New Policy: Iran Eksekusi Mati Eks Pejabat yang Dituduh Jadi Mata-mata Mossad

Iran Eksekusi Mati Eks Pejabat yang Dituduh Jadi Mata-mata Mossad

Iran melaksanakan eksekusi terhadap seorang mantan pejabat yang dianggap berkhianat terhadap negara. Menurut laporan dari kantor berita Mizan, yang dikutip oleh Middle East Monitor, pria bernama Mehdi Farid divonis hukuman mati karena dianggap menjadi mata-mata Mossad, lembaga intelijen Israel. Penyebab hukuman adalah penggunaan posisinya di unit pertahanan sipil untuk mengumpulkan data rahasia dan mengirimkannya kepada Mossad.

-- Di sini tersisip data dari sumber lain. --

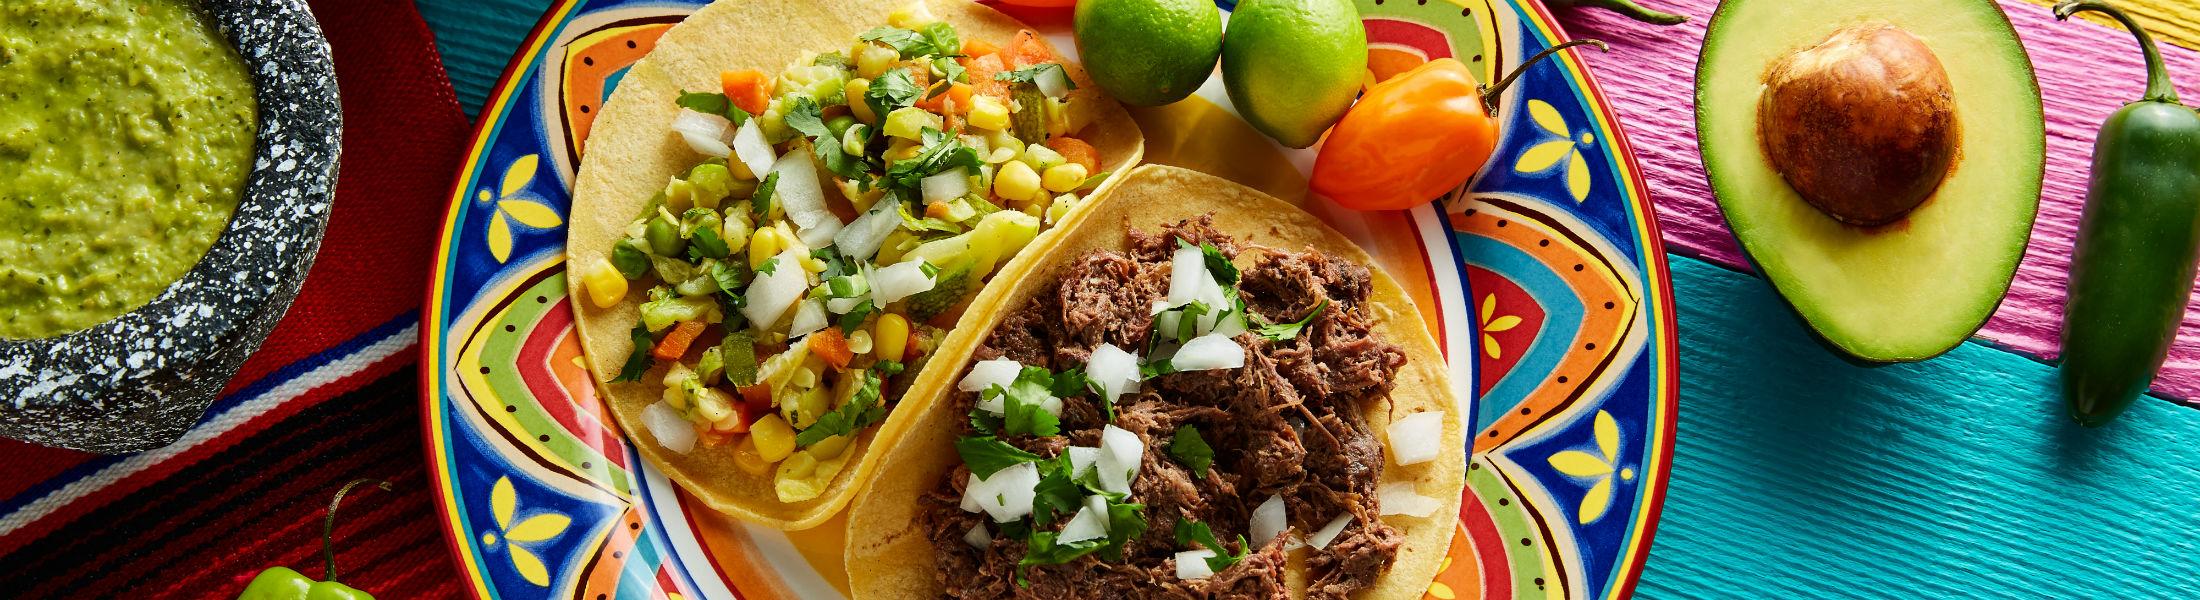 Mexican platillo tacos of barbacoa

Hengaw Organisation for Human Rights, organisasi hak asasi manusia Norwegia, menyebut bahwa Mehdi Farid sebelumnya menjabat sebagai kepala departemen administrasi Komite Pertahanan Iran. Ia dieksekusi secara diam-diam pada Rabu (22/4) pagi, tanpa pengumuman sebelumnya kepada publik. Dalam pernyataan mereka, organisasi ini menegaskan bahwa proses penangkapan dan penahanan Mehdi tidak diungkapkan secara terbuka.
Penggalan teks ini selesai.